It isn't that they're simply obdurate, or hunkered down behind a wall of Rovian bluster. The president, his inner circle, and the coterie of worshipful conservatives who have yet to abandon them, still inhabit a fully-developed culture; they continue to view themselves as creative agents whose ideas have relevance and validity. But it's a dying civilization, this world of neocons and "compassionate" conservatives. Their bizarre orgies of self-congratulation - as documented, for instance, by Glenn Greenwald - take place amidst the last glowing embers of a once-impressive edifice. Reading the accounts in this week's conservative organs, you can't help but be struck by the political decadence unfolding in the White House, tinted by the atmosphere of a better age.
Among other things, Bush and Roberts talked about the decline of Europe and the role in this played by the shrunken influence of Christianity. By the time they broke for lunch, the president was "revved up," an aide says. His fervor was infectious. "Roberts is more conservative than I am!" a pleasantly surprised White House official exclaimed.This "revved up" Bush has been able to take a "combative approach" towards the Democratic Congress, and his staff - who lobbied extensively to defeat the anti-war resolutions, are "fired up on Iraq." It's unclear whether Barnes means to imply that there was ever a point at which the administration was not combative with regard to its opponents, or fired up on the war.

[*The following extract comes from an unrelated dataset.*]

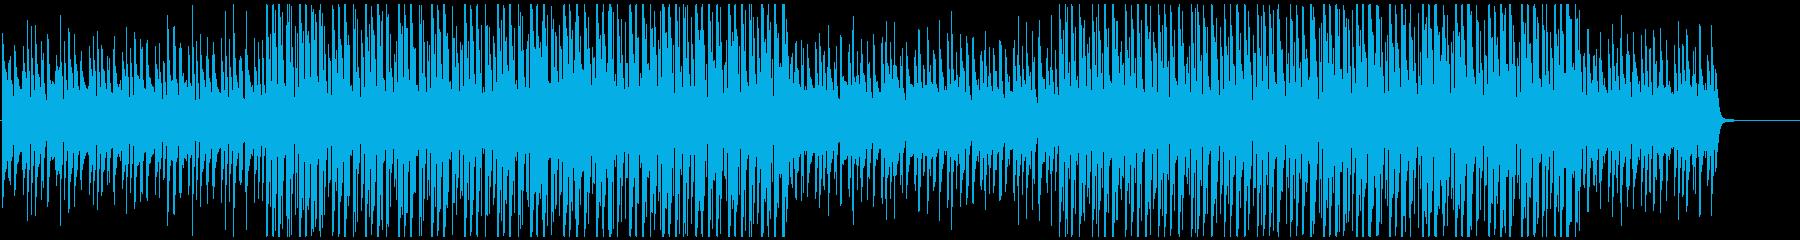 チルアウトで近未来・おしゃれなエレクトロの再生済みの波形

Bush and his aides are listening to Republicans as well at the president's regular meetings with bipartisan leaders in Congress. Republicans found that Democrats had a bigger voice at the sessions. So, with White House approval, Republican leaders decided to convene the day before and decide on a plan for the bicameral meeting.Certainly it would be unseemly for Democrats, who were chosen by the American people to have a bigger voice in Congress, to have a bigger voice in Congress's meetings with the president.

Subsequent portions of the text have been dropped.